Today I watched the entire first season of Scandal - yes all in one sitting - and it was fabulous! It felt like one long movie which helped keep up the energy. While this was great, it has me a tiny bit worried for season 2 when the plot will be stretched out over a full order of episodes. But the writers know what they’re doing, I’m sure.
When the pilot started I was a bit worried about the firecracker wordy dialog but as we dived deeper into the emotional needs of the characters, that quickly subsided into something smart and concise. Kerry Washington’s Olivia Pope owns the show with her steely control. Kerry has this amazing ability to just push everything Olivia is feeling through her eyes. It’s easy to believe why she’s such a political force. Not to the say the supporting characters are just idle ducks! That’s hardly the case. Olivia’s team has a necessary balance to it. Huck’s dramatic violence is a perfect counterpoint to Abby’s knowing smiles and bubbly enthusiasm. And Harrison’s confident professionalism really highlight’s Quinn’s uncertainty and inexperience. As for Finch, he easily matches Olivia’s step although he’s smart enough to know not to take the lead. Sure the political drama is great and the first season’s running arc had me weeping but I think it’s this core team that drives the episodes. It’s easy to see how Scandal will be able to go on season after season.
I have to admit it also had it’s shock moments. The key event involving Gideon? I jumped. I mean I actually jumped. My behind lifted from the sofa! I don’t want to spoil anyone who might pick this one up because it really is a wow moment. The show also left an emotional impact on me. Both Darby Stanchfield as Abby and Liza Weil as the doomed Amanda Tanner deliver heart wrenching dialogs.

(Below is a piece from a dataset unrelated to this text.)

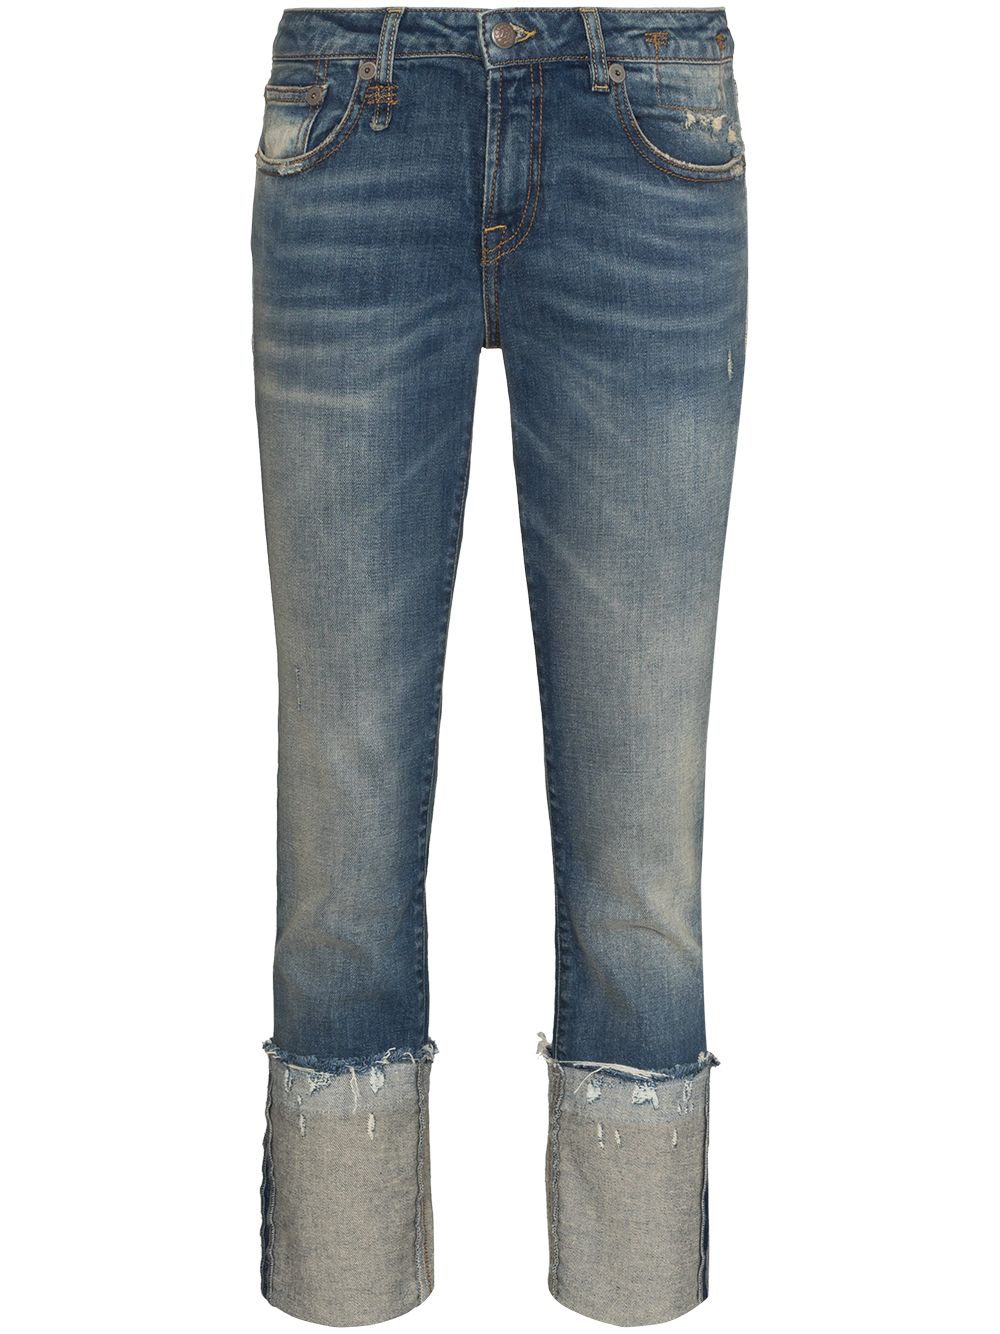 фото R13 укороченные джинсы скинни kate с эффектом потертости
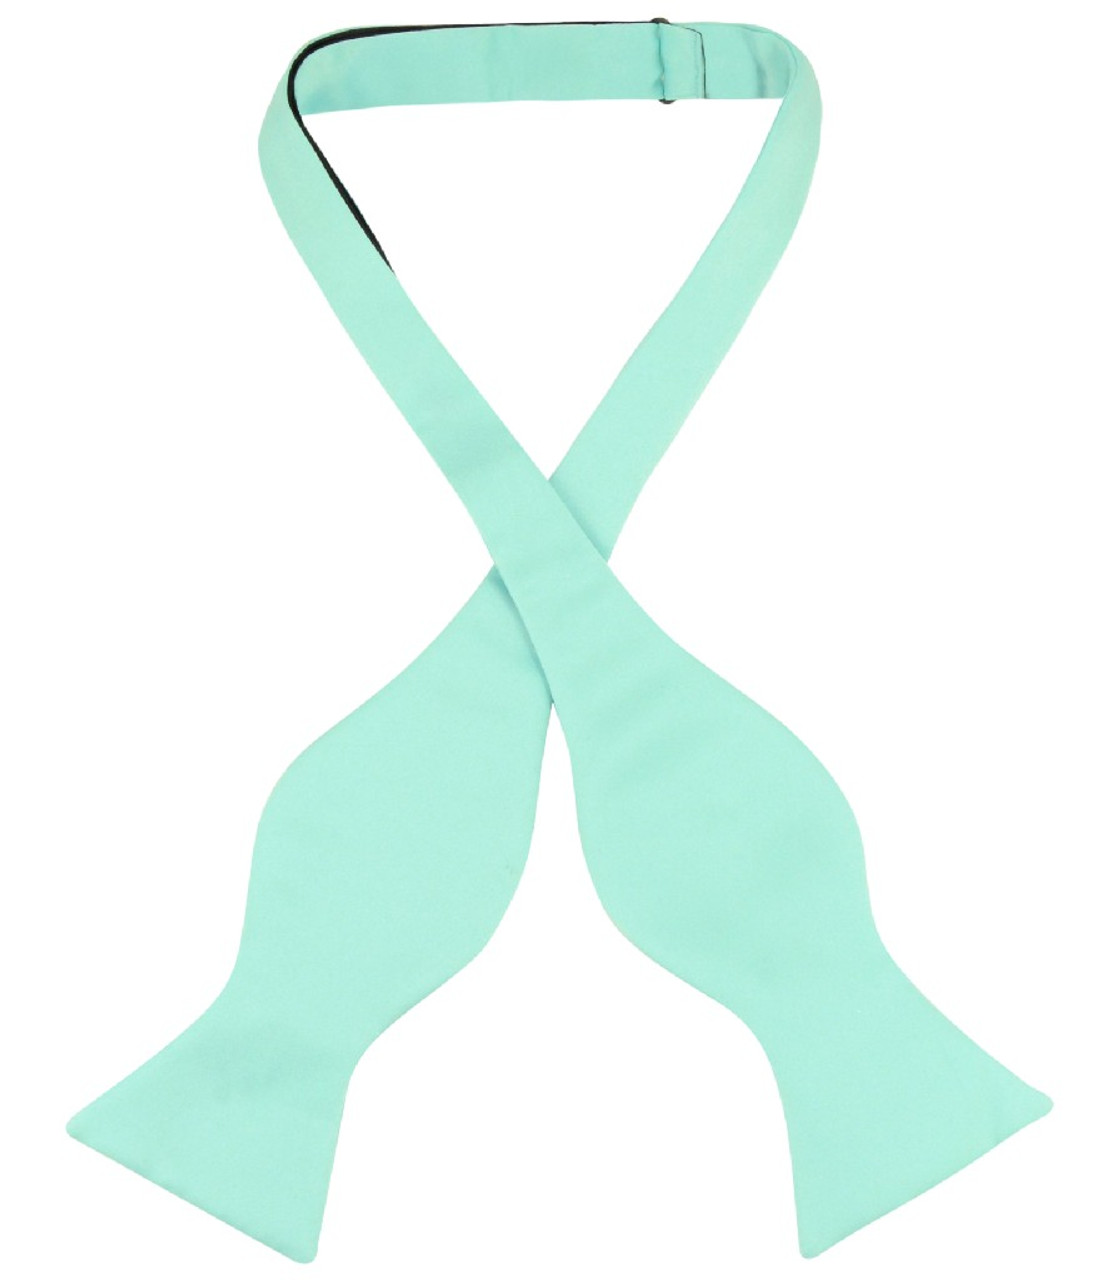 Vesuvio Napoli Self Tie Bow Tie Solid Aqua Green Color Mens BowTie

Which would not have been possible on just any program. No, Scandal is more than just a political drama. In fact it’s probably got some of the most complex female characters on Network TV right now. These woman have real motivations, real ambitions, and while the course of their lives are deeply determined by men, the writers have handled it in such a knowing way that I almost want to cheer. At one point Olivia talks a dictator into rethinking a decision by explaining how betrayed women can become heroes. What she might not realize is that she’s also talking about herself. About all of the women on the show. They’re more than just smart ladies- the represent the real female power players of the moment. Women who allow men to think the world belongs to them while carefully proving that’s not the case.
This extends beyond our heroes as well. Scene stealer Bellamy Young seems to be becoming something of an antagonist in her role as the opportunistic First Lady. She might just understand how to play the politics game better than anyone. And in season two she might have some company with Kate Burton’s vice president Sally Langston looking to stir up trouble.
Sure there are parts of Scandal that come directly from the political drama play book. But Shonda Rhimes has managed to also cultivate a very unique voice in the genre. She’s looked beyond the archetypes and developed a group of characters it’s okay to care about. She’s also manage to develop some fine roles for working actresses. Ten years ago the idea of such a complex female lead in a political drama like this would have been unheard of. Certainly you could not sell a show simply on that! Whatever would we be thinking?! But having such a short first season has allowed us to explore Olivia Pope in just that way. On the one hand I want to shake my head after all it’s about time, right?! But on the other hand Kerry Washington and Olivia Pope were worth the wait.